Closed LukasHats closed 1 month ago

LukasHats commented 1 month ago

Description of feature

Dear @marcovarrone,

Thanks for providing CellCharter! Concerning the CODEX tutorial, could you give a suggestion on what dimensionality reduction method should be used, is a standard sc.pp.pca enough or is trVAE recommended (which seems to be a bit deprecated at least the repository points towardscarches? Further, why do you scale per image? Is this necessary or generally necessary for marker-based neighborhood detection? What would happen if raw values or e.g. z-score normalized values are used?

Thanks!

marcovarrone commented 1 month ago

Hi @LukasHats, good question! Based on some quick tests done on scRNA-seq, PCA was working but more complex and informative embeddings were improving the results quite a bit.

The original trVAE repository is deprecated but not it's implementation inside scArches, and we are using that one as you can see here.

Scaling is important when you use PCA or trVAE to make sure that every feature is weighted equally. I would not suggest scaling per sample anymore, so of you scale, do it across all samples.

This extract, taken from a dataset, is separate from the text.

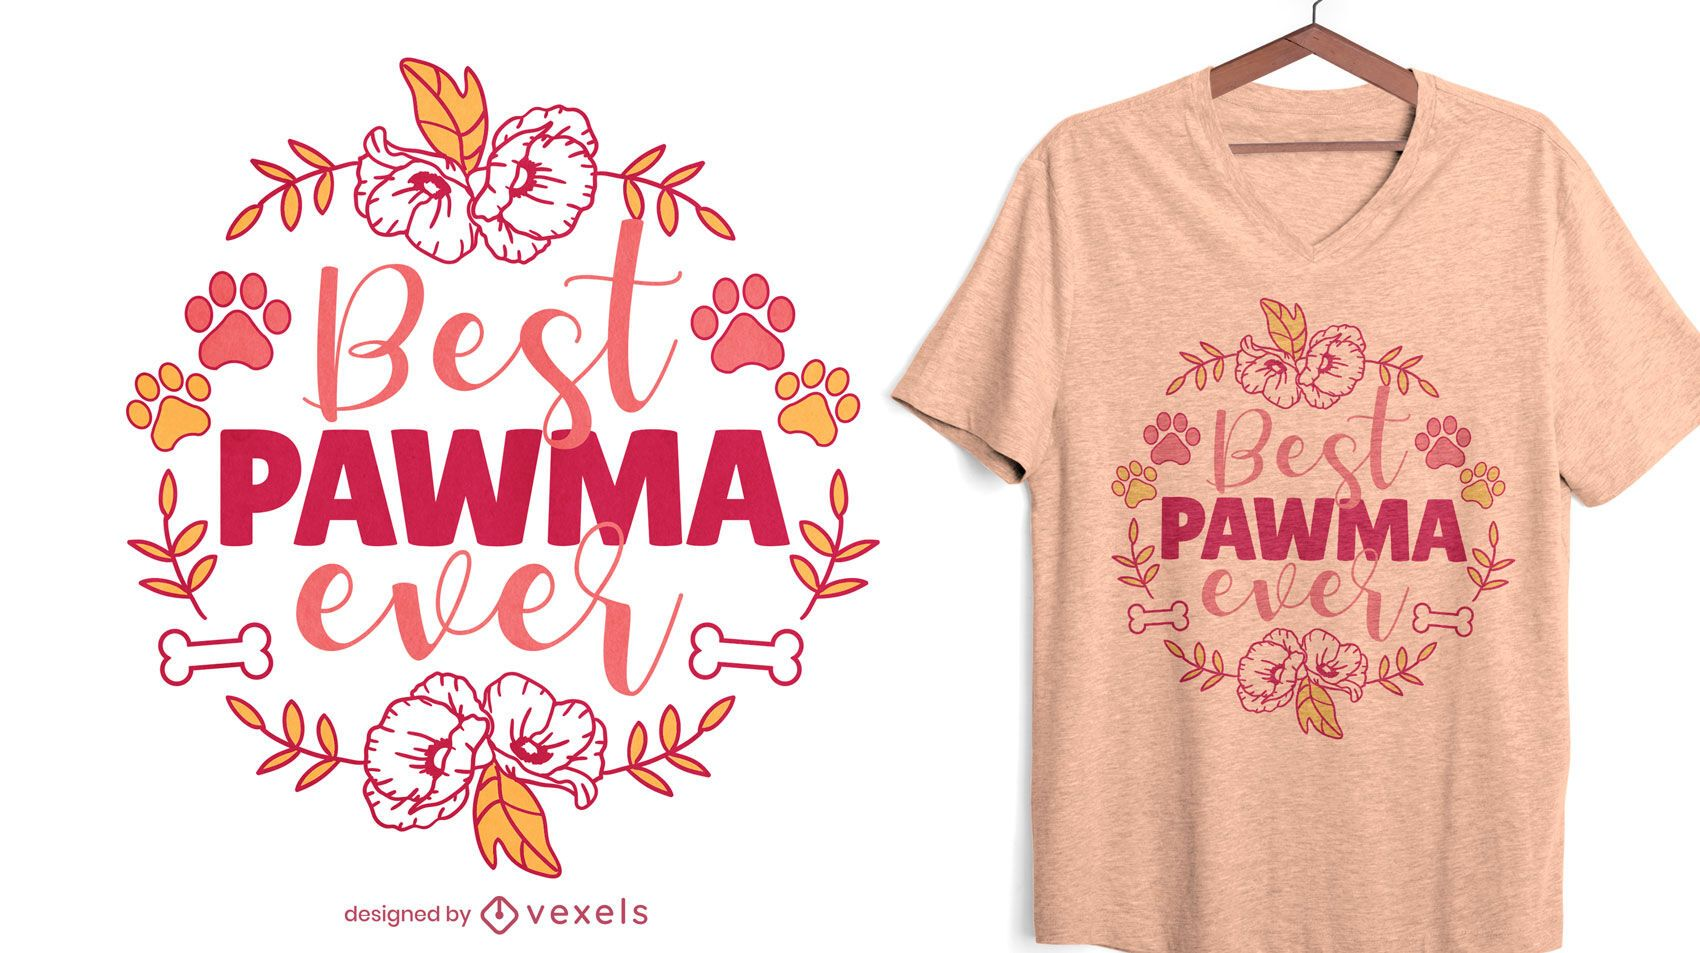 Dog grandma quote nature t-shirt design
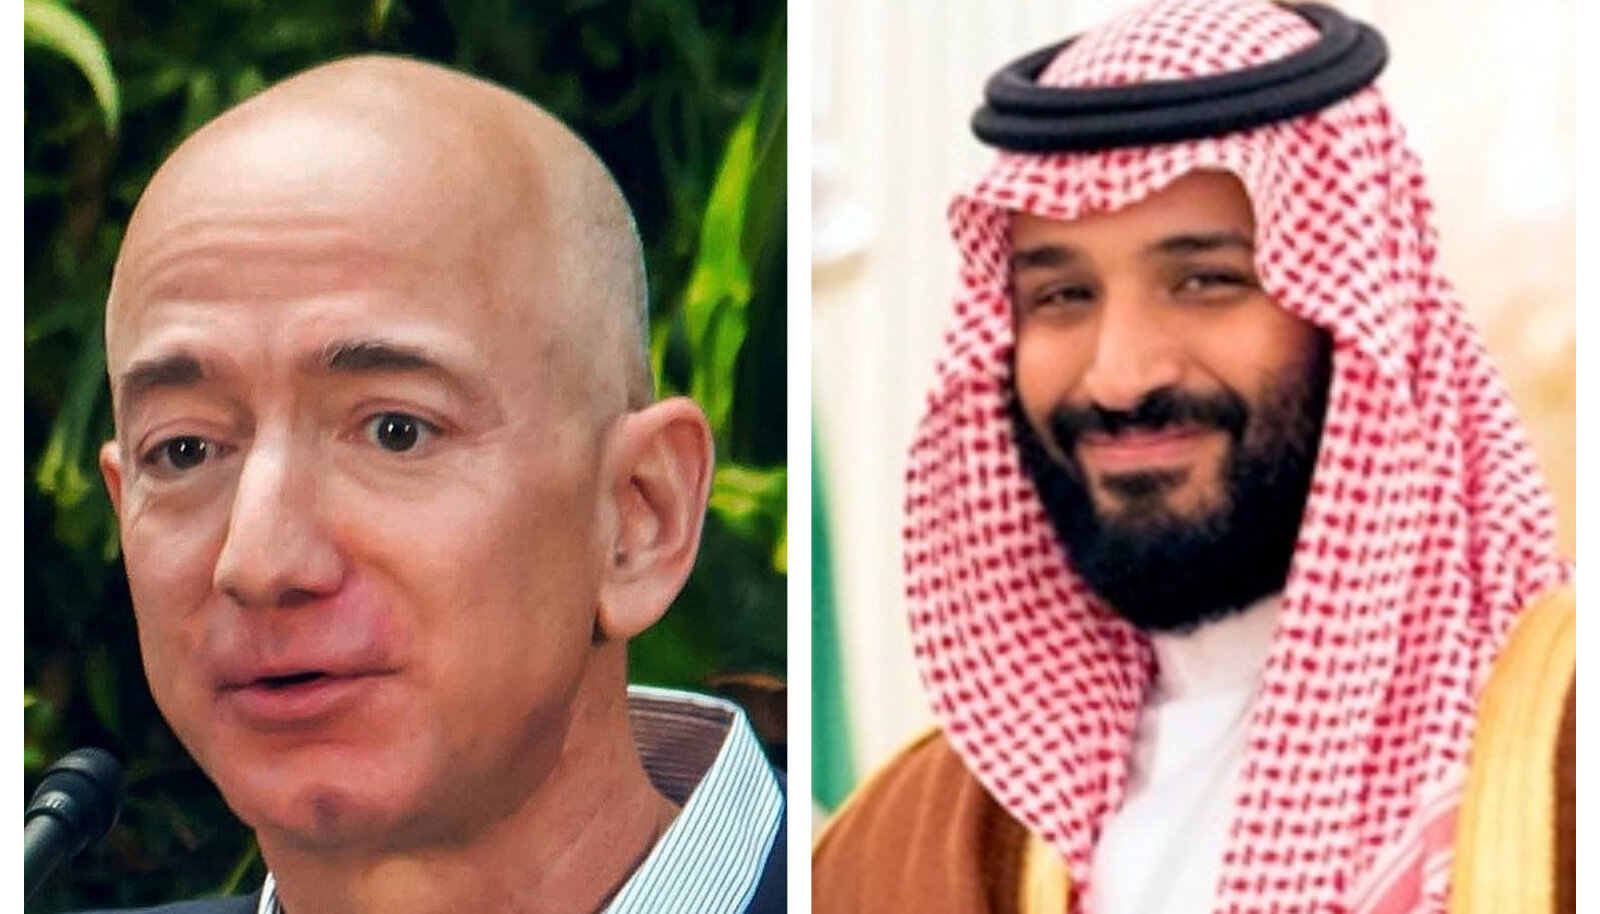 Fotokollaaž: Bezos (v) ja bin Salman (p) / vasak foto Wikimedia Commons / Seattle City Council, parem Wikimedia Commons / Valge Maja)

Remember that if you don't have batch effects and you don't have 100s and 100s of markers, you could also try running CellCharter without dimensionality reduction!

LukasHats commented 1 month ago

Hez @marcovarrone,

thanks a lot for the quick answer and the insights, much appreciated! 3/4 follow-up questions: 1) Would scaling be used if no dimensionality reduction is performed? 2) If batch effects are present, we address this only by the dimensionality reduction right? 3) Would you share your comment on this approach: For IMC images, people often use z-score normalized marker expressions to remove batch effects etc. Would it be an idea to put in Z-score values in CellCharter without dimensionality reduction? 4) If I understood you correctly, scale across all samples means just running sc.pp.scale on the complete adata as classically performed in scanpy?

Thanks a lot for help, excited to run it soon!

marcovarrone commented 1 month ago

Hi @LukasHats,

  1. In theory it shouldn't be necessary. The clustering is done using a Gaussian Mixture Model that shouldn't be sensitive to different scales of the features because it fits a mean and a variance value for each feature. However, sometimes I obtained slightly different results with and without scaling, but I never had the time to understand it this was because of the randomness that all spatial domain identification methods have (including CellCharter).
  2. If you are interested in protein-based experiments there is no well-established method for batch correction. For now, the best approach I found is to use trVAE with/without batch correction. As long as a batch correction method returns embeddings, then it should be usable as a batch correction method for CellCharter.
  3. I am not an expert in IMC. I would say intuitively that z-score normalization across the whole dataset doesn't correct any batch effect, because it doesn't change any relationship between features from different samples/batches. If you do z-score normalization for each sample/batch, you will for sure remove batch effects, but it also risks removing a lot of biological variation if the cell populations are very different between batches. That's why I discouraged using it. In our CODEX samples, the populations were not that different between images so it wasn't a problem (I would still not do it in insight).
  4. Yes, correct!

Let me know what you think about it :)

LukasHats commented 1 month ago

Thanks so much, also for the excursus on batch effect removal. Will close for now and open if I encounter problems.